1 The commission in its final order said: "In brief, respondent demands acceptance of its figures at face value, irrespective of whether they represent fact or opinion, and insists that, in fixing fair value, we must close our minds to all factual evidence and select that one figure, based exclusively upon opinion, which respondent selects. It is not surprising to find that this figure (depreciated reproduction cost) is the highest of all the rate base elements. The formula thus prescribed for us by respondent is clearly a formula for indirect but complete control by the utility of its own rates — the very antithesis of the regulatory concept." 3724a
2 According to Solar Electric Co. v. Pennsylvania Public UtilityCommission et al., 137 Pa. Super. 325, 351, 9 A.2d 447, it would seem that it was necessary for the commission to make a finding relative to reproduction cost, but it does not follow that the commission was obliged to accept the amount in its determination of fair value.
3 "Although we will not consider invested capital as being a direct factor in fair value determination, it does perform a very important function by showing us at what point a fair value finding would work a hardship upon respondent's owners." Order nisi, 3581a.
4 "It is sometimes said, and usually correctly, that assets represented by the depreciation reserve are plant assets.
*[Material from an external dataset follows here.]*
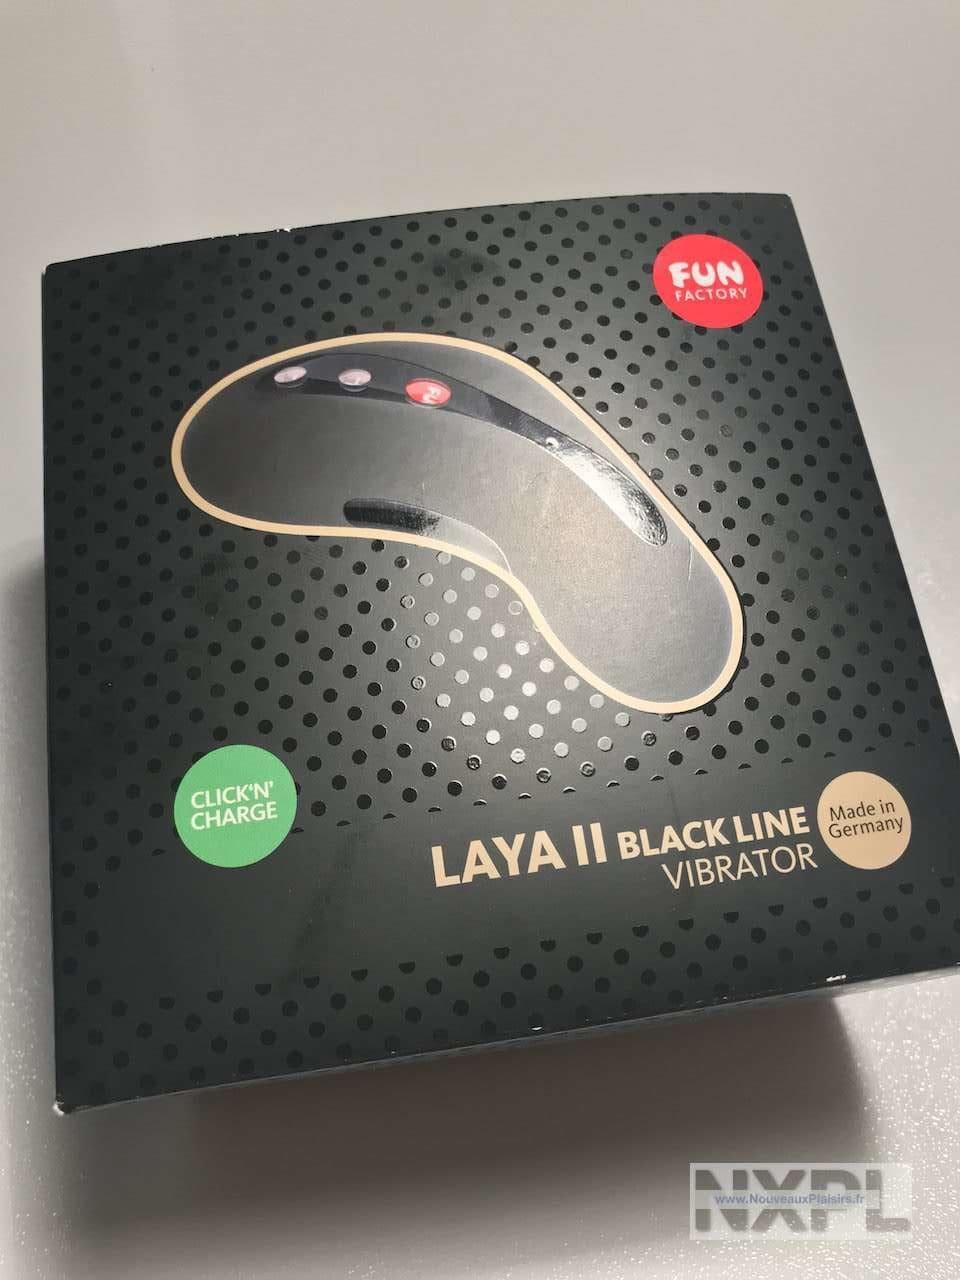 Test du stimulateur clitoridien Fun Factory Laya 2 Blackline - NXPL
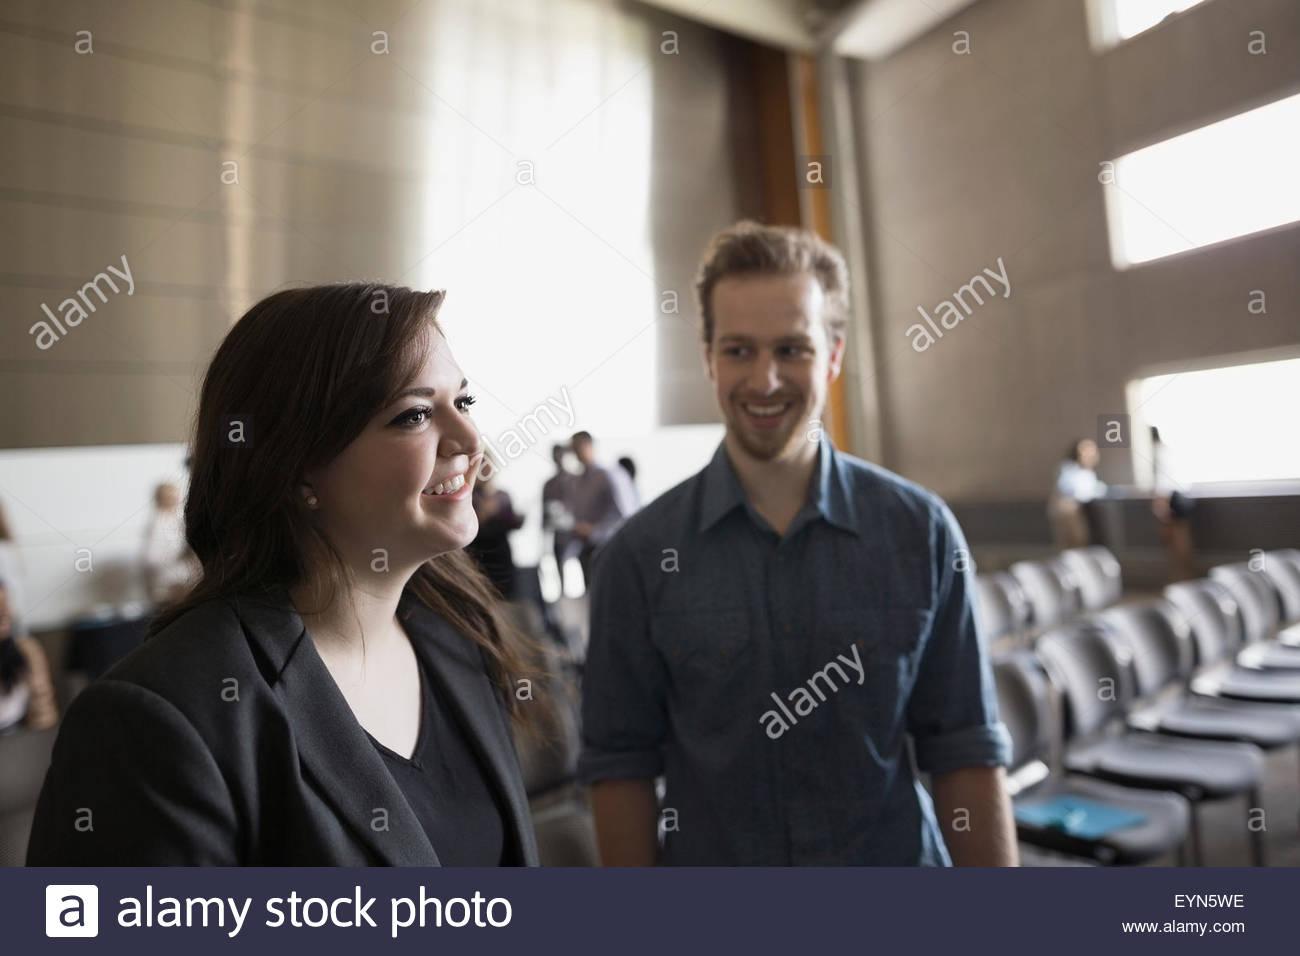 Smiling students in auditorium - Stock Image

Such assets belong to the utility and, if used and useful in the public service, they are properly includible in the rate base. When it is argued that the depreciation reserve should be deducted in computing the rate base, it is not argued that the assets which it represents should be excluded from the base. It is argued, merely, that the depreciation reserve, when properly computed, represents, the actual depreciation in those properties which are included in the base. . . . . .
"The deduction of the depreciation reserve, or its equivalent, obviates all harmful inconsistencies. The depreciation reserve shows the results to date of the effective depreciation factors. It harmonizes depreciation expense and actual existing depreciation": Report of Committee on Depreciation, National Association of Railroad and Utilities Commissioners, 1943, pp. 168, 169.
5 If anyone has reason to complain it is the domestic consumer whose rate for gas has been increased from 63 cents to $1.45 for the first 1,000 cubic feet. Any schedule of rates should be made nondiscriminatory before approval.
6 During 1908 the depreciation reserve of $2,840,006.20 was transferred to surplus which was thus increased to $5,993,134.46. Dividends were then paid in the amount of $5,440,000. The commission made no adjustment for this.
7 The commission included the disputed amount in original cost. The question is whether or not the commission properly gave consideration in fair value determination to the choice by appellant's management that the consumers should reimburse the utility immediately rather than through depreciation accruals. See, also, order nisi, 3580a.
8 In a recent publication — "Report of Committee on Depreciation, National Association of Railroad and Utilities Commissioners, 1943" — is found an exhaustive and pertinent discussion of the subject of depreciation in public utility regulation. It appears that representatives of leading utility organizations assisted the committee in the collection of data and were afforded an opportunity for advance review of and comment on the tentative draft of the report.